A tale of two lengths
Adventures in memory profiling a rust-based cacherust 2025-05-11
They say there are 2 hard problems in computer science, and I've hit all 3 of them.... This is a blog post about a memory problem we were hitting in production with a service written in rust, and the tools used to resolve it.
The Problem
Object Storage, whether S3 or something else, does not have the best performance for latency in comparison to local disk. There can be a lot of overhead to retrieving files. Alongside this, repetitive calls to the same files means that you will have multiple requests to the same data. One solution is to have a local cache of files sitting close to wherever you are using them. That way, for regularly requested files, you can reduce latency and decrease the amount of requests to the backing object store.
For a possible solution, we recently moved to using foyer, touted as a hybrid cache, as it provides not only a memory cache, but can be used with local disk storage as well. For really hot files, they would be served in memory. For colder files, they could be read from a local ephemeral ssd, so still providing some speedup even if evicted from memory. This looked like a great fit for our use case.
Things looked like they were going OK, until the cache had been running for a day or so. We noticed that the memory limits we were setting were not honoured, and we were seeing pod restarts with the reason set to OOMKilled. Something about how we configured the cache was not right.
Cache Layout
In our setup, we don't want to actually cache entire files, just the ranges of bytes that have been requested. Our request pattern means there is never any overlap between ranges, and the exact same ranges are going to be requested repeatedly.

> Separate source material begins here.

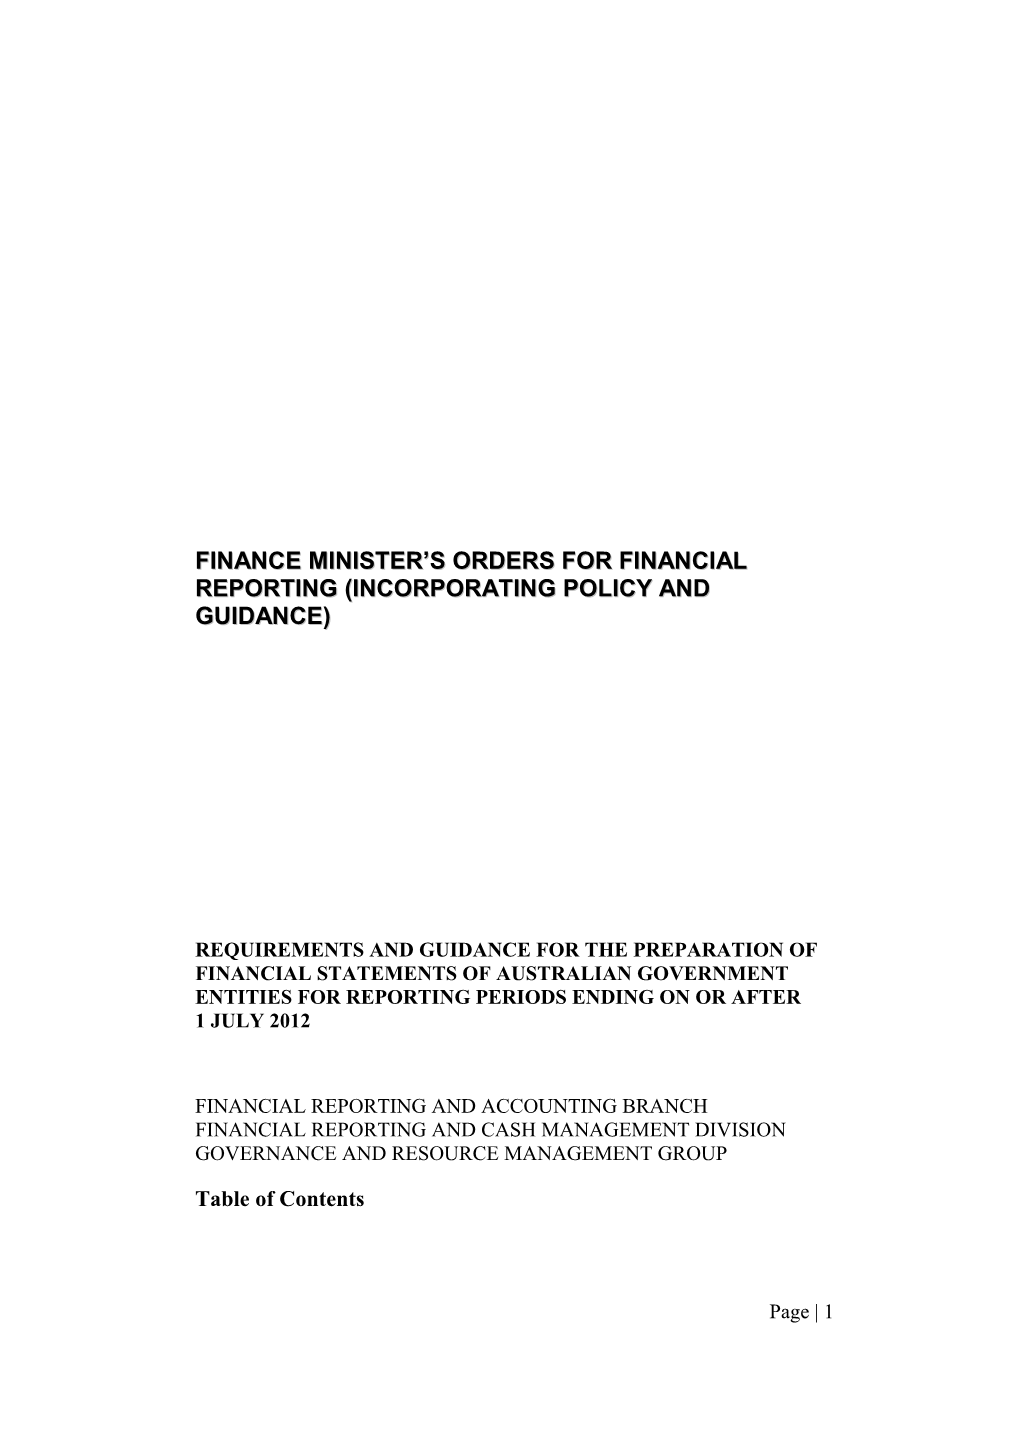 Finance Minister's Orders for Financial Reporting 2012-13

So our Cache Key essentially looks like:
struct CacheKey {
path: String,
start: usize,
end: usize,
}
And our Cache Value is standard Bytes, giving us a cache that looks a bit like this:
struct ByteCacheAppState {
write_cache: HybridCache<CacheKey, Bytes>,
}
Of course with a cache we can't have unbounded memory usage. So we configure a weighter that uses the length of bytes in memory (plus a memory_size method for the key to account for the path string + two usizes, even if it's insignificant: we want to be as accurate as possible!):
...
.with_weighter(|key, value| key.memory_size() + value.len())
...
The Bytes struct is a bit of a special struct that is used in a lot of crates. It's essentially an Arc<[u8]> but has some magic to deal with other backing implementations. It's cheaply cloneable: the underlying memory isn't cloned, just a reference count is updated. You can also take a subslice into it as well, so that you can have a view into a portion of the backing bytes, without reallocating.
Byte Request
When we get a request for a range of bytes, we want to either return that ranges bytes if it's in the cache (either memory or disk), or read from object storage, storing that in the cache, and returning the bytes.
With foyer you can use the fetch method to do just that:
let cache_entry = write_cache
.fetch(cache_key, || async move {
let mut req = read_from_store(&path, range, &store).await?;
let mut buffer = BytesMut::with_capacity(byte_len);
while let Some(bytes) = req.stream.try_next().await? {
buffer.extend_from_slice(&bytes);
}
Ok(bytes.freeze())
})
.await?;
And so our cache is pretty simple. We keep around slices of files that have been requested on the predicted chance that they will be requested again.
Troubleshooting
Since we were running into memory limit situations, we started troubleshooting what could possibly be wrong.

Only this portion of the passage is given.